From the horse’s mouth:

“It’s not marketing. We just DO it. We don’t need to call it anything. It’s just natural to us.”

About six months ago, I was talking to my artist sister Alexis on the phone and she said, “SARAH. Join Virb now – I just sent you an invite.”

“What’s Verb?” I asked (unwittingly spelling it wrong in my mind).

“I don’t know how to explain it, but it’s cool, it’s got a bunch of artists on it, and it’s so much better than MySpace. And there are no weirdos on it.”

She was right. Six months ago, Virb.com was a pristine expanse of educated, arty types. And even now, following the inevitable occurrence of an unknown band from Cincinnati requesting to be my friend, I’ve still only gotten one spammy request.

My sister was lucky enough to have landed a featured-artist spot on the Virb home page a few months ago – courtesy, again, of connections through various people she has met online.

“The internet has facilitated a huge aspect of my career thus far,” says Alexis. “I can’t imagine that in recent history artists were still mainly dependent on slides and prints and mailing their actual art all over the place.

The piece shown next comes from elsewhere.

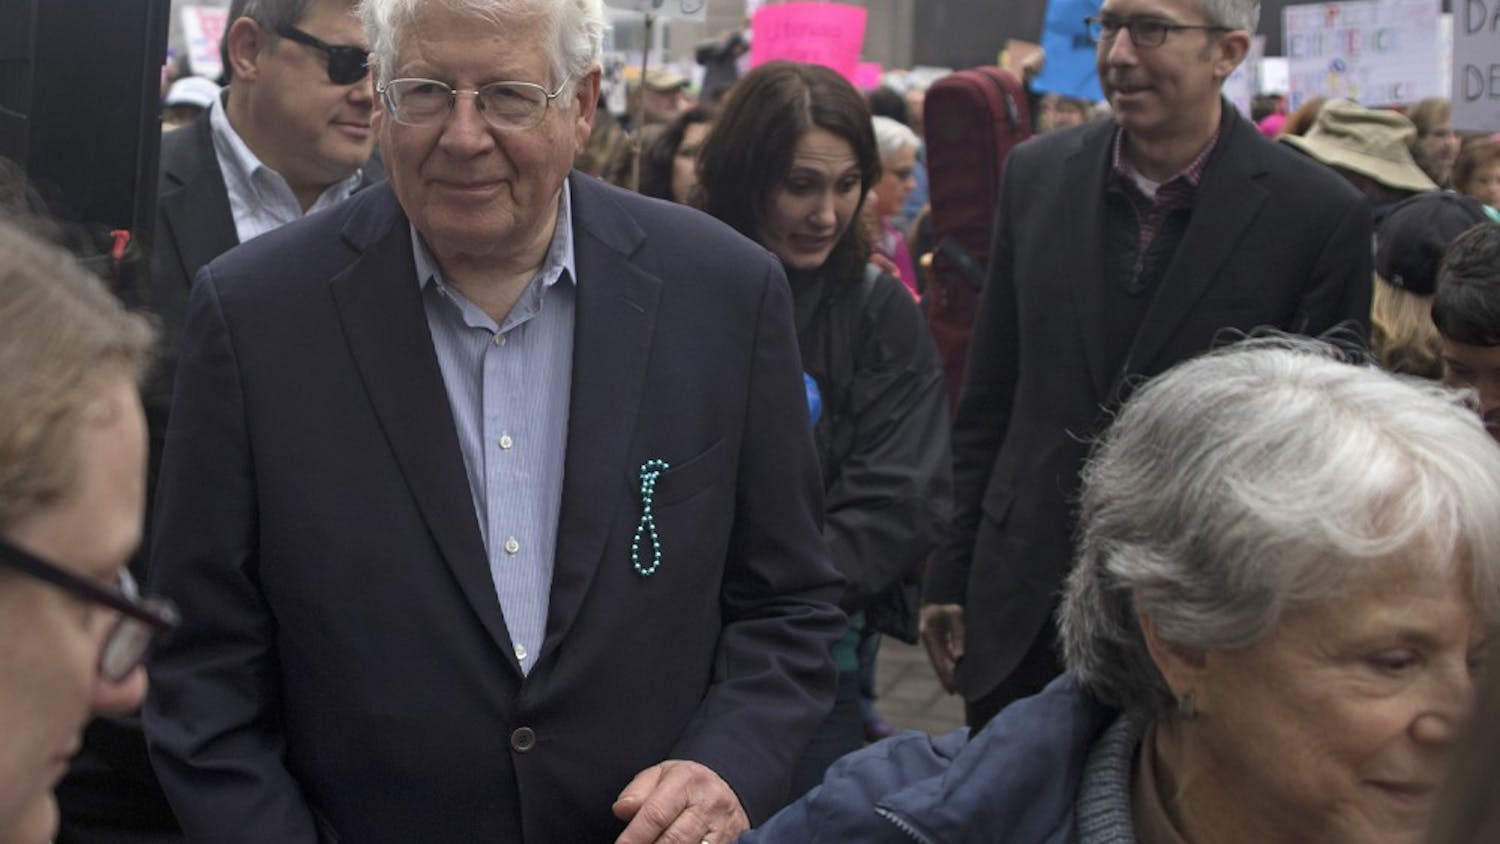 North Carolina Congressman David Price marches with protestors as they make their way through Raleigh during the 2016 Women's March in protest of the inauguration of Donald Trump as the 45th president of the United States.

The reach is so much farther and faster now. People get in touch with me from around the world, places my actual art has never been, even in printed form.”

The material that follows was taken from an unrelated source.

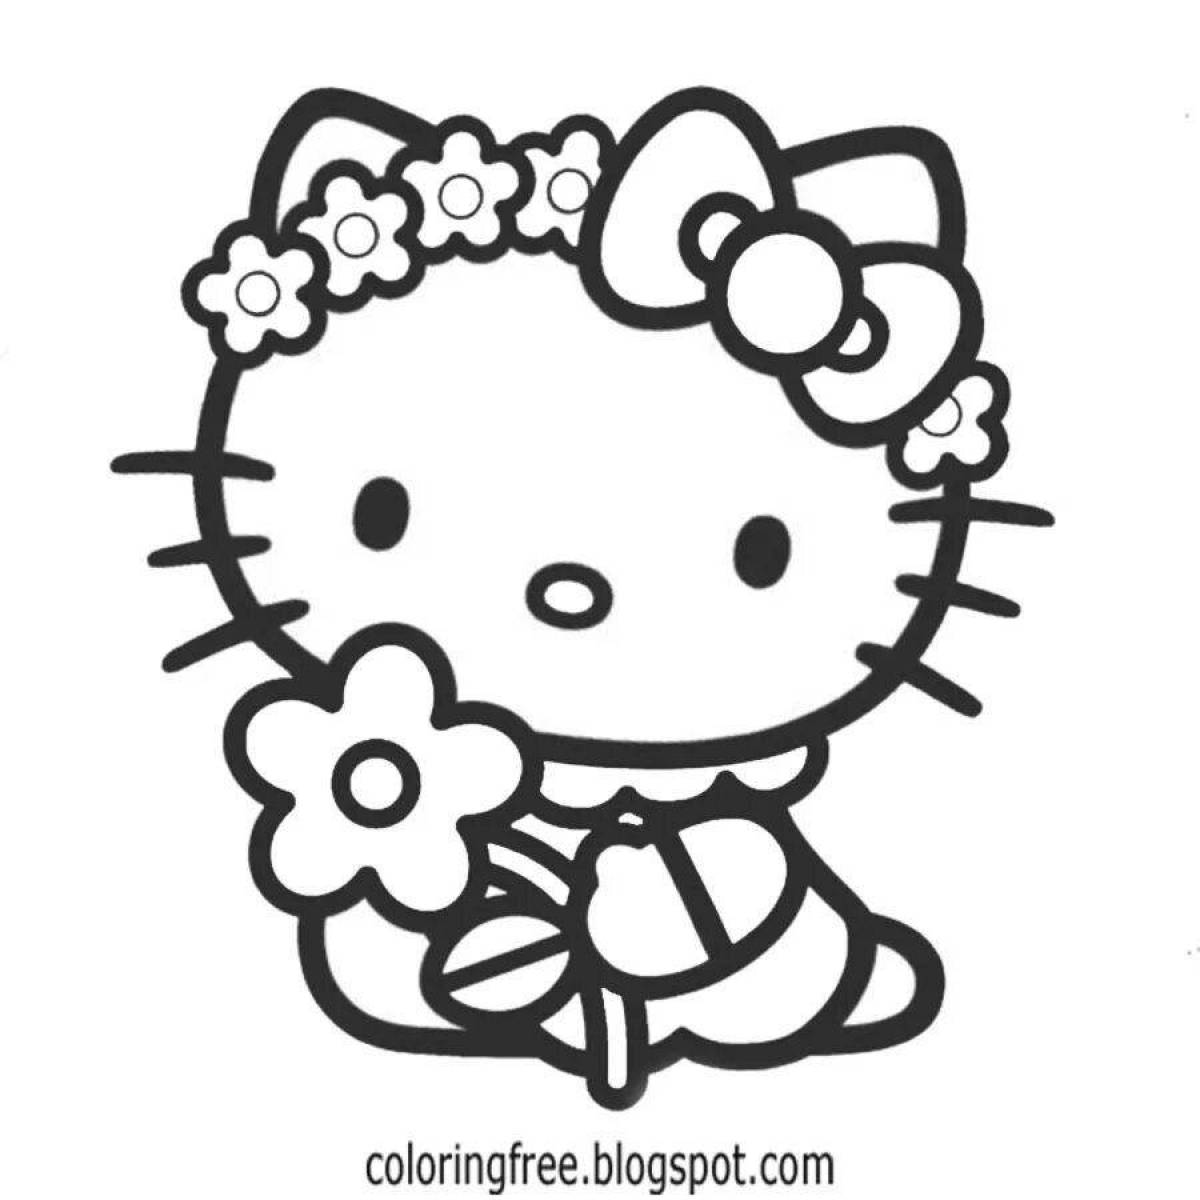 Shining coloring hello kitty, black and white

Alexis maintains personal social networking pages on Virb, Flickr, and (more reluctantly) MySpace, as well as her own personal website at AlexisAnne.com.

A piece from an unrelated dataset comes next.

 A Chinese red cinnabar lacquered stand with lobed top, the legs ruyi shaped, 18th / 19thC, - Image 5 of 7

Whether she is being interviewed by a local San Francisco art blog or garnering a mention from FecalFace.com about her recent art show, her online activities and her offline activities to promote herself and her art often go hand in hand.

“It is a VAST world,” says Alexis. “I don’t even know the extent of it. It’s so time consuming, and it’s a full-time job to really establish yourself online. I have friends who just copy and paste everything over everything because it’s too much work to customize it all.”

She’s right. From the ThinkFaest! forum at Faesthetic Magazine, to the Saatchi Gallery’s huge online community that calls itself “the world’s interactive art gallery“, I’ll never be able to fit it all in this blog post.

Says Alexis’ friend Tristan,

About three or four years ago I started to pick up on how powerful social networking communities could be. There are people on there that have had their personal networks boom for little more than being in the right place at the right time.

As soon as I began identifying myself as my artwork on communities rather than a guy that creates art, I started to taste the benefits. Commissions, art shows, sales, all kinds of connections and of course exposure really started to turn on for me.

Having an immediate audience for my work is a huge motivation of mine… You don’t want to start creating artwork solely to please the people, but a community based on feedback is a great resource for learning.

In summary: As online marketers and content creators, we can learn from these people. We should open ourselves up to all the possibilities that social media sites provide, while also taking care not to abuse the opportunity we have been given for engaging our target audiences. You’ve got to be real. If you develop meaningful and relevant content, it should get all the attention it deserves – naturally.